Understanding How New Knowledge Graphs Work
DataStax’s Davor Bonaci offers insight on understanding how new knowledge graphs work. This article originally appeared on Solutions Review’s Insight Jam, an enterprise IT community enabling the human conversation on AI.
Knowledge graphs help us see how different pieces of information are related and help to organize and extract information from large amounts of content. Traditionally, knowledge graphs have been very selective, focusing on extracting specific entities like people, companies, or places and how they’re connected. However, selecting the details to build graphs is necessarily lossy and can be time-consuming, expensive, and prone to errors.
Imagine you wanted to create a curated map of everything you know about a specific area that makes it easy for others to navigate the space without getting lost. Think back to the days of folding paper maps and atlases before Google Maps. To do this with a traditional knowledge graph, you would have to painstakingly identify every important concept, like who works at what company, and every relationship between those concepts, like who manages whom.
You’d also need to have an expert on hand to help decide what’s important enough to include.
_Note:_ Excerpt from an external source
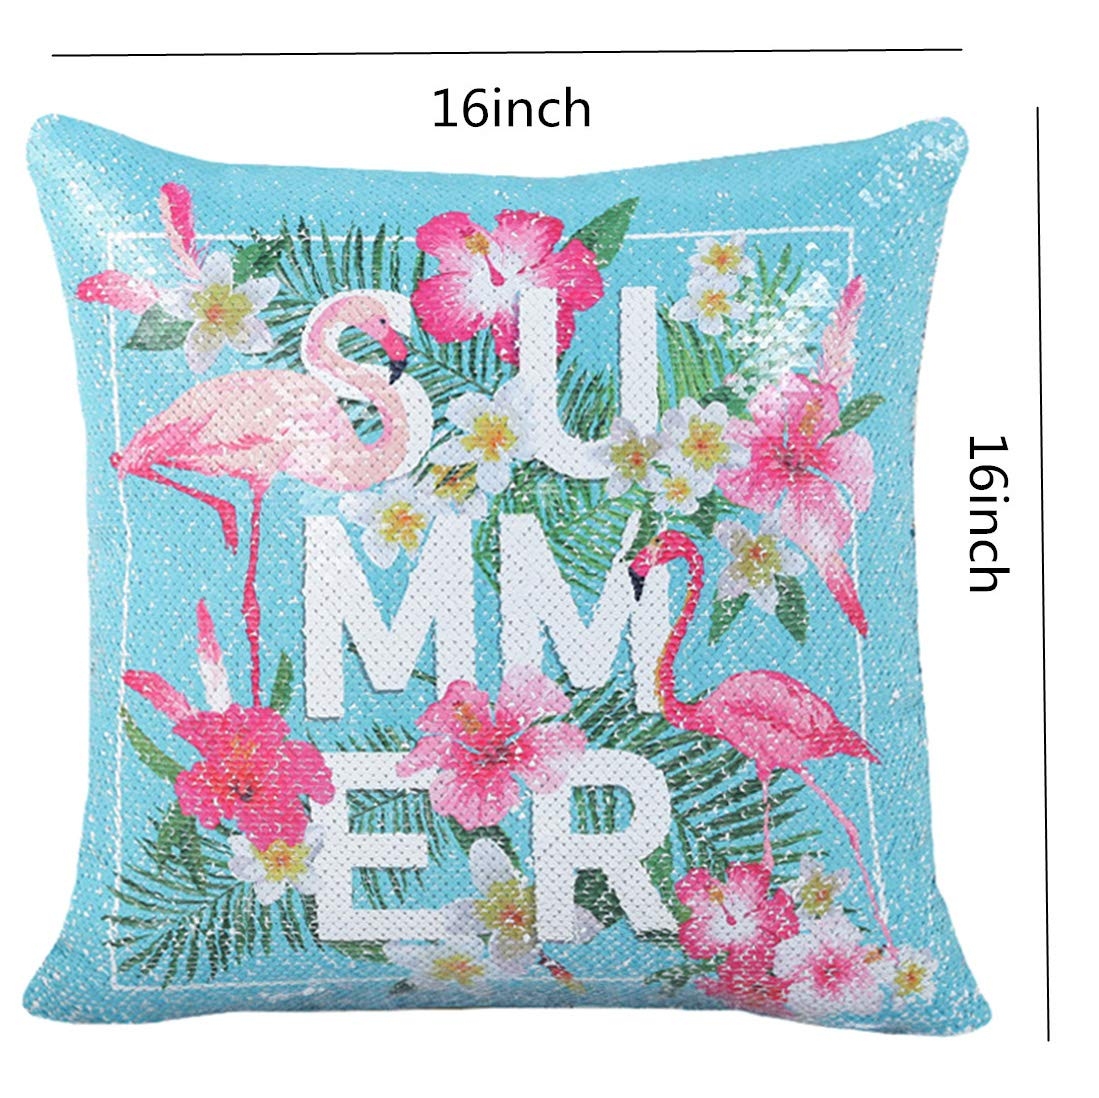 ROOSSI Mermaid Sequin Flamingos Decorative Pillow Cover 16inch Square Bling Cushion Cover Home Sofa Car Pillowcase Blue 2

In both cases, maps and graphs will be used to analyze and visualize for end users. So, including unnecessary information has negative consequences: cluttered data, slower performance, increased complexity, diluted insights, higher costs, the potential for misinformation, maintenance challenges, and confusion for users.
The process doesn’t stop there. If you decide to change how you’re organizing this information, you have to go back and reprocess everything. This makes traditional knowledge graphs very challenging to manage, especially when you’re dealing with a lot of information.
A New Approach: Content-Centric Knowledge Graphs
Just like when the user needs and technology evolved bringing about google maps allowing us to interact with maps with natural language, filters, modes and more. A new approach is now needed because of the benefits and needs of generative AI applications and the pros and cons of using large language models (LLMs). Here it’s important to provide the correct and complete context for the LLM to give a relevant answer without hallucinating.
Instead of focusing on these selective details from the start, there’s a new approach that’s much easier to handle and retains all of the content you need for use with LLMs. This method focuses on what’s called a “content-centric knowledge graph.” Here’s how it works:
- Chunking Content: First, you break down the content into chunks—these could be paragraphs, sections of a document, images, or tables. These chunks become the building blocks of the graph.
- Preserving Original Content: Unlike the traditional method, where you’d have to decide what’s important upfront, this approach keeps all the original content intact. This means you don’t lose any information, and it’s easier to adapt if your needs change later on.
- Automatic Linking: The graph is built by automatically identifying relationships between chunks based on things like hyperlinks, keywords, or other metadata. For example, if one chunk of text mentions another chunk, a link is automatically created between them.
Why This Matters
This new method is less work because you don’t need to be an expert to build the graph, and it leverages different technology: starting with vector search means you can extract semantically similar chunks without needing to reduce down to entities walking the graph that return related relevant information. It’s also scalable because the backing technology is built for real-time indexing retrieval, meaning it can handle large amounts of information without a problem. When you need to find answers, this graph helps by combining the benefits of traditional knowledge graphs and modern search techniques. It retrieves relevant content quickly, leading to better and more accurate results.
Generative AI is changing the way we think about organizing and retrieving information. Content-centric knowledge graphs make it easier to handle large datasets, reduce the need for expert input, and ensure that no information is lost in the process. As this technology continues to evolve, it promises to make searching for and using information for generative AI more intuitive and effective than ever before.